A retired Foreign Service Officer who was in Kabul at the time recalls the kidnapping and murder of the U.S. ambassador in 1979 and notes that in the subsequent three decades Afghanistan has remained beset by violence and mired in poverty. He calls for a new approach to helping the Afghan people that recognizes their conservatism and resistance to foreign-imposed change.  – Ed.

February 14, 2009, Valentine’s Day, marks the thirtieth anniversary of the kidnapping and murder of U.S. Ambassador Adolph “Spike” Dubs at the Kabul Hotel in the center of the Afghan capital. It was the worst day in my Foreign Service career. I knew Ambassador Dubs well and served as his press and information officer at Embassy Kabul.

Early in the morning while en route to the embassy, the ambassador’s bullet-resistant, chauffer-driven Cadillac was stopped by a man dressed in a Kabul policeman’s coat and hat at an intersection near the U.S. Information Service Cultural Center. The driver apparently cracked the window far enough for the man to shove a gun in his face and demand that he open the door. He complied, and the man crawled in and pointed the gun at the ambassador and ordered the driver to take them to the Kabul Hotel. The ambassador was taken to a room on the second floor where other men waited. The driver returned to the embassy to report what happened. A siege in the hotel took place and ended shortly after noon when Afghan Interior Ministry officials ordered specially armed police on the roof of a building across the street and in the hallway to the room to open fire. Miraculously the men holding the ambassador bound in a chair were wounded but survived the fusillade. Ambassador Dubs was pronounced dead at the scene by the Embassy physician.

Ambassador Dubs; Arlington National Cemetery headstone

The months after this brazen kidnapping and the precipitous government reaction were a time of great vulnerability for the American and international communities in Afghanistan as the stability of the Marxist regime of Nur Muhammed Taraki and his Khalq faction grew increasingly shaky. Taraki’s assassination in September 1979 and the subsequent Soviet invasion in December proved that it was indeed destined for destruction.

In the 30 years since that dreadful Valentine’s day, the Afghan people have been beaten and displaced repeatedly, first by Soviet military forces occupying their country, and then by vicious and bloody fights among competing factions for power inside their country. Now resurgent Taliban forces and their allies in Pakistan and elsewhere are challenging the elected government of President Hamid Karzai; they seek to reimpose their totalitarian version of Islamic law on all Afghans.

Opportunity for Change
President Obama’s new administration has an opportunity to change the way the United States and its allies are helping the Afghan people. While the United States has devoted the majority of its military and development resources to Iraq, Afghanistan remains a crucial fulcrum for U.S. foreign policy in South and West Asia. A closer look at the last thirty years in U.S.-Afghan relations is a good starting point for reassessing where we are going with the relationship.

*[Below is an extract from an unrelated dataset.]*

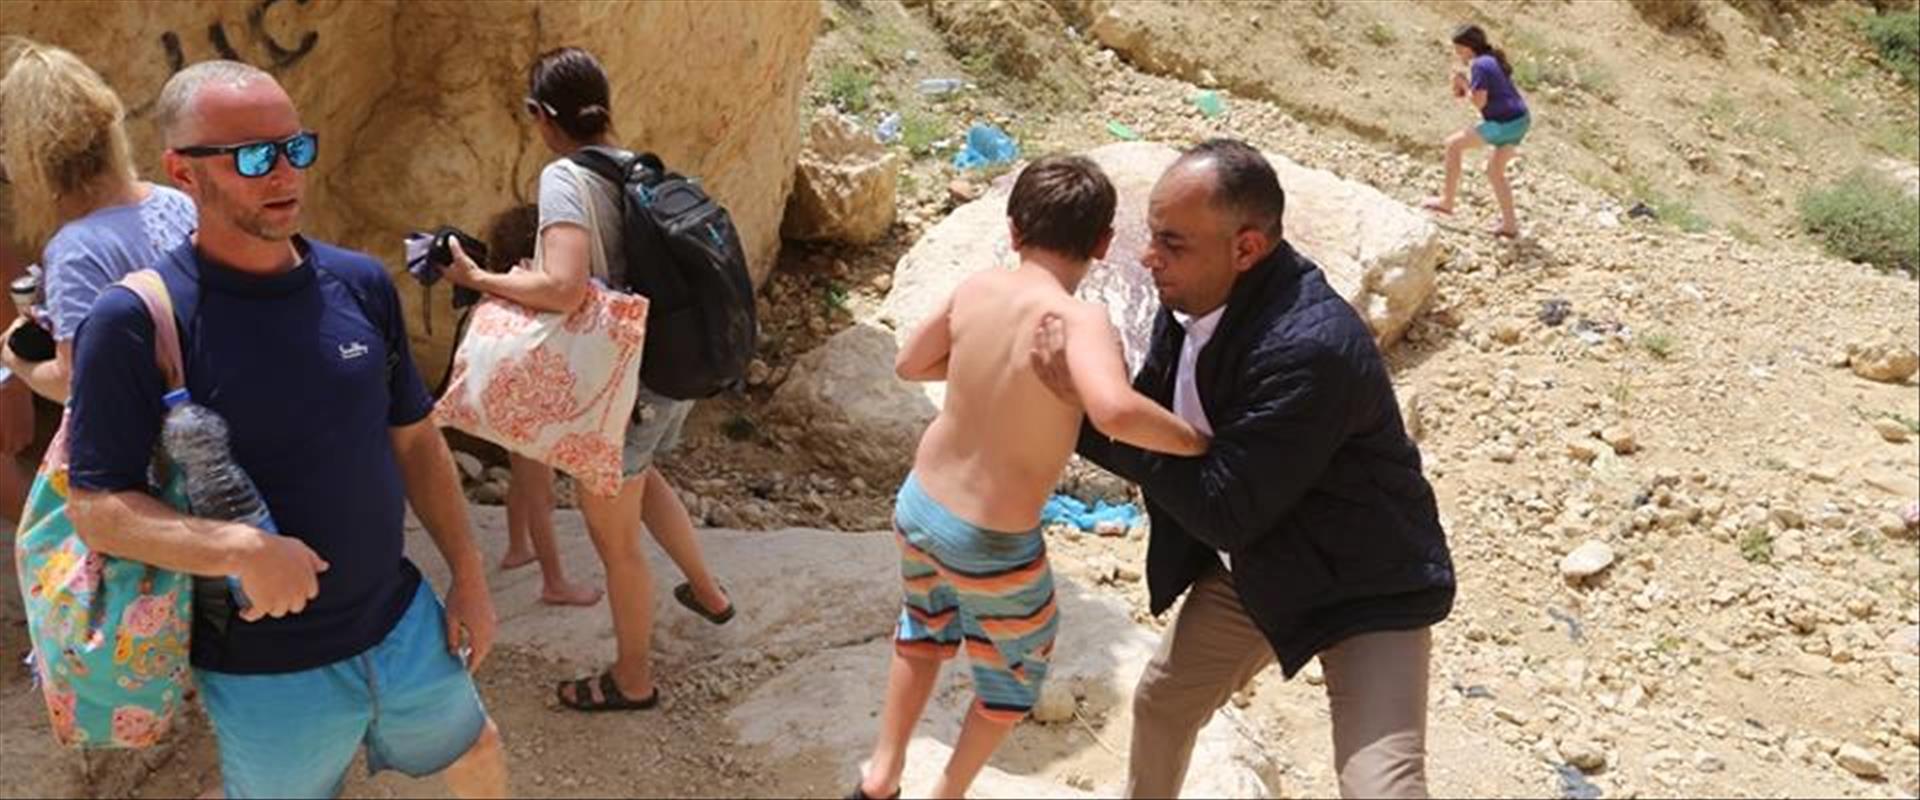 ראש עיריית כרכ בירדן עוזר לתיירים מישראל

In his book Afghanistan: the First Five Years of Soviet Occupation, J. Bruce Amstutz, the Deputy Chief of Mission under Ambassador Dubs and then the Chargé d’Affaires of the U.S. mission following his killing, wrote about the history of Afghan political factions in the twentieth century and the events that led to the Soviet invasion in December 1979. He pointed out that there had never been a strong central government capable of governing the geographically and ethnically diverse regions of the country. Kabul had been the country’s traditional political center, but its power and authority grew weaker in proportion to the distance from the capital city. Regional capitals such as Herat, Mazar-e-Sharif, and Kandahar maintained their local autonomy for all practical purposes. They still do today.

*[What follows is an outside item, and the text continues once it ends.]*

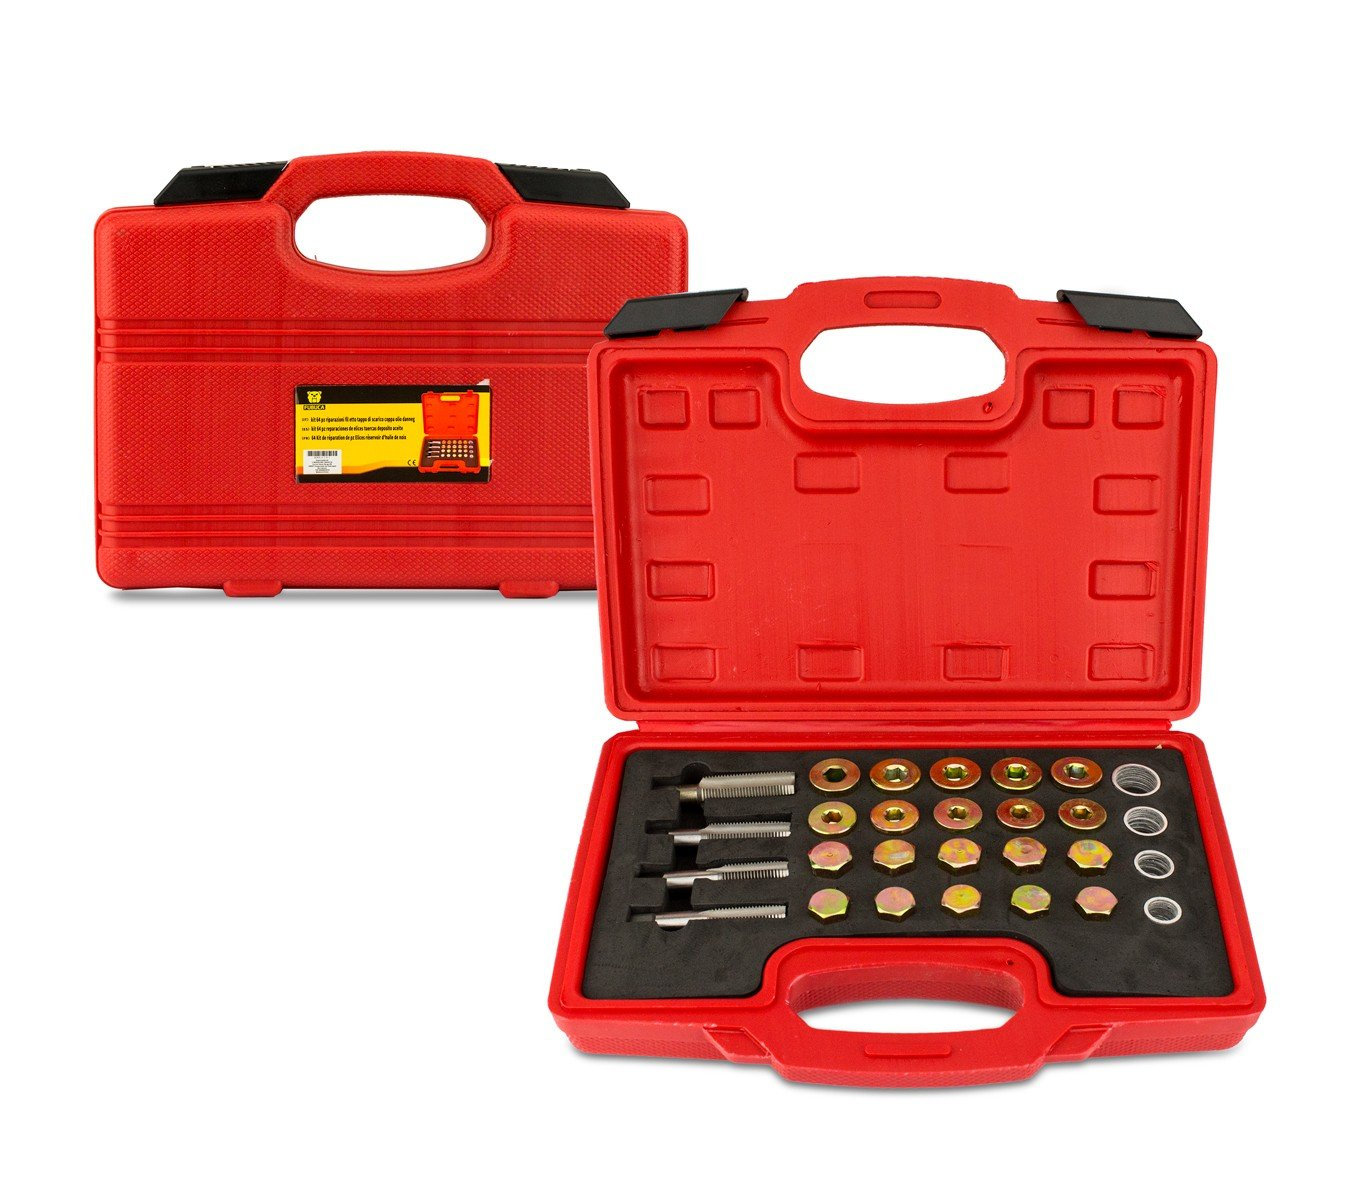 4501 Kit de 64 piè ces FUBUCA de ré paration de filetage du carter d'huile

In 1989 the U.S. blind-sided itself and effectively undermined its foreign policy towards Afghanistan with Washington’s decision to remove all of its diplomats from Kabul after the Soviet withdrawal. This has proved to be very costly. In a statement at the reopening of the U.S. embassy in Kabul on December 17, 2001, Ambassador James Dobbins said:

For that decade, and in the aftermath of the Soviet withdrawal, Afghanistan was largely ignored, not only by the United States, but also by much of the international community. Afghan factions and Afghanistan’s neighbors pursued their own narrow agendas without reference to the broader interests of the Afghan people or of the effects on regional and global stability.

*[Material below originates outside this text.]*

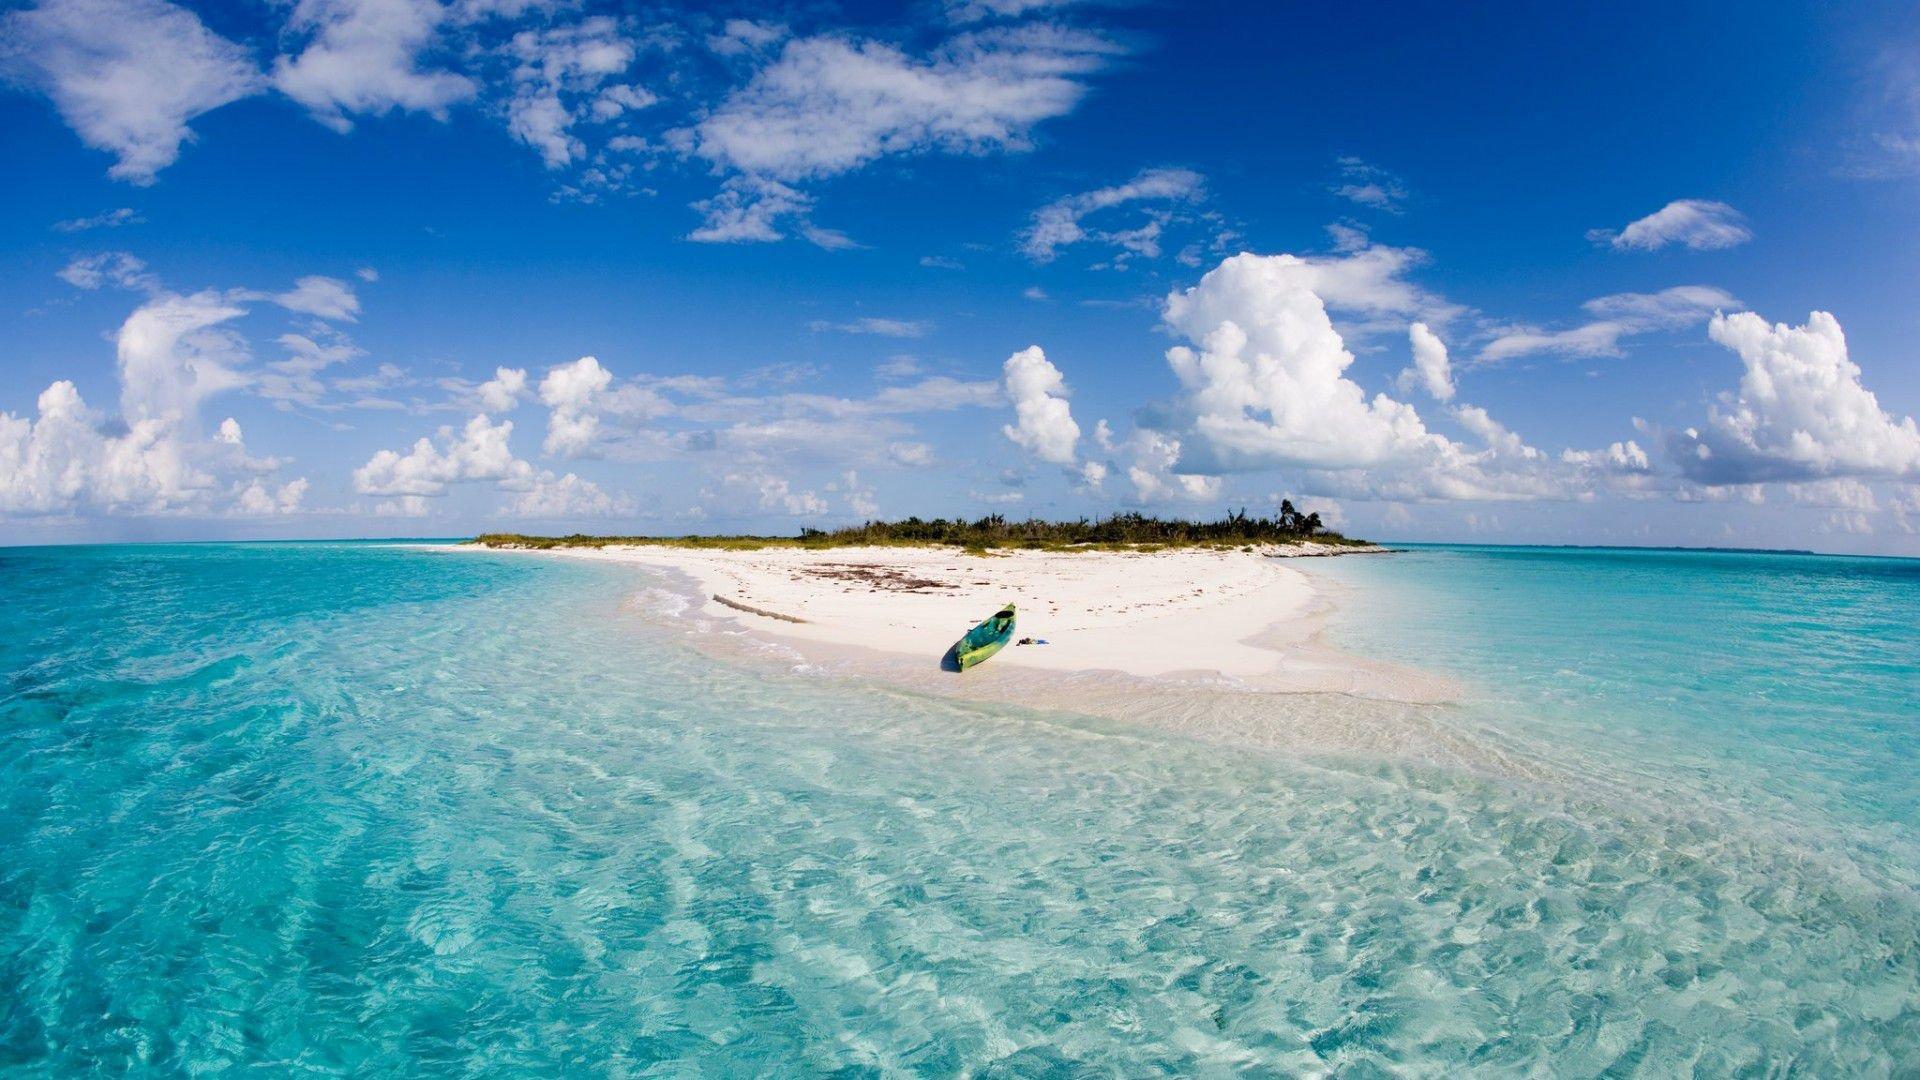 Bahamas Division

The Afghan people paid a great price for this decade of neglect and abuse. On September 11, the United States and the rest of the international community also paid a great price. The United States returns to Afghanistan today at the head of a great international coalition, a coalition committed to rooting out terrorism and those who support it. But the United States also comes ready to join with the rest of the international community in assisting with the reconstruction of Afghanistan.

By withdrawing its diplomats the U.S. lost the capability to influence positively the post-Soviet political climate in Afghanistan and inadvertently helped to foster a political vacuum that sucked in ruthless factions. These factions proceeded to further destabilize the country and divide the people along ethnic and geographic fault lines. Finally, the Taliban succeeded in taking Kabul and imposing their draconian dictatorship. This was order of the worst kind.

When the Cold War ended in 1991 and the world looked like a brighter, more positive place with new international opportunities, a sense of hubris spread across Washington, boosted by the acclamation that the only remaining “super power” had won the day and the long war. The United States and the world had turned a new corner. However, in the absence of a U.S. diplomatic presence, thousands of foreign Mujahideen, among them Osama bin Laden, remained in Afghanistan and expanded their operations and influence. They profited from large quantities of military weapons and other hardware that the United States had supplied them during their fight against the Soviets.

Base for Terrorism
Kabul became a base of operations for international terrorism, and thousands of would-be fighters flocked to training camps to enlist in the war against Israel, the United States, and other Western democracies. It was from Afghanistan that the orders went out that led to the worst attack on American soil since Pearl Harbor. During the period between 1989 and 2001 the State Department and U.S. intelligence agencies followed developments in Afghanistan and knew of al Qaeda training camps in the country. After the first attack on the World Trade Center in New York in 1993, President Clinton ordered some of these camps to be bombed. They were duly hit, but the threat of future attacks by al Qaeda was not destroyed. If anything its resolve was strengthened.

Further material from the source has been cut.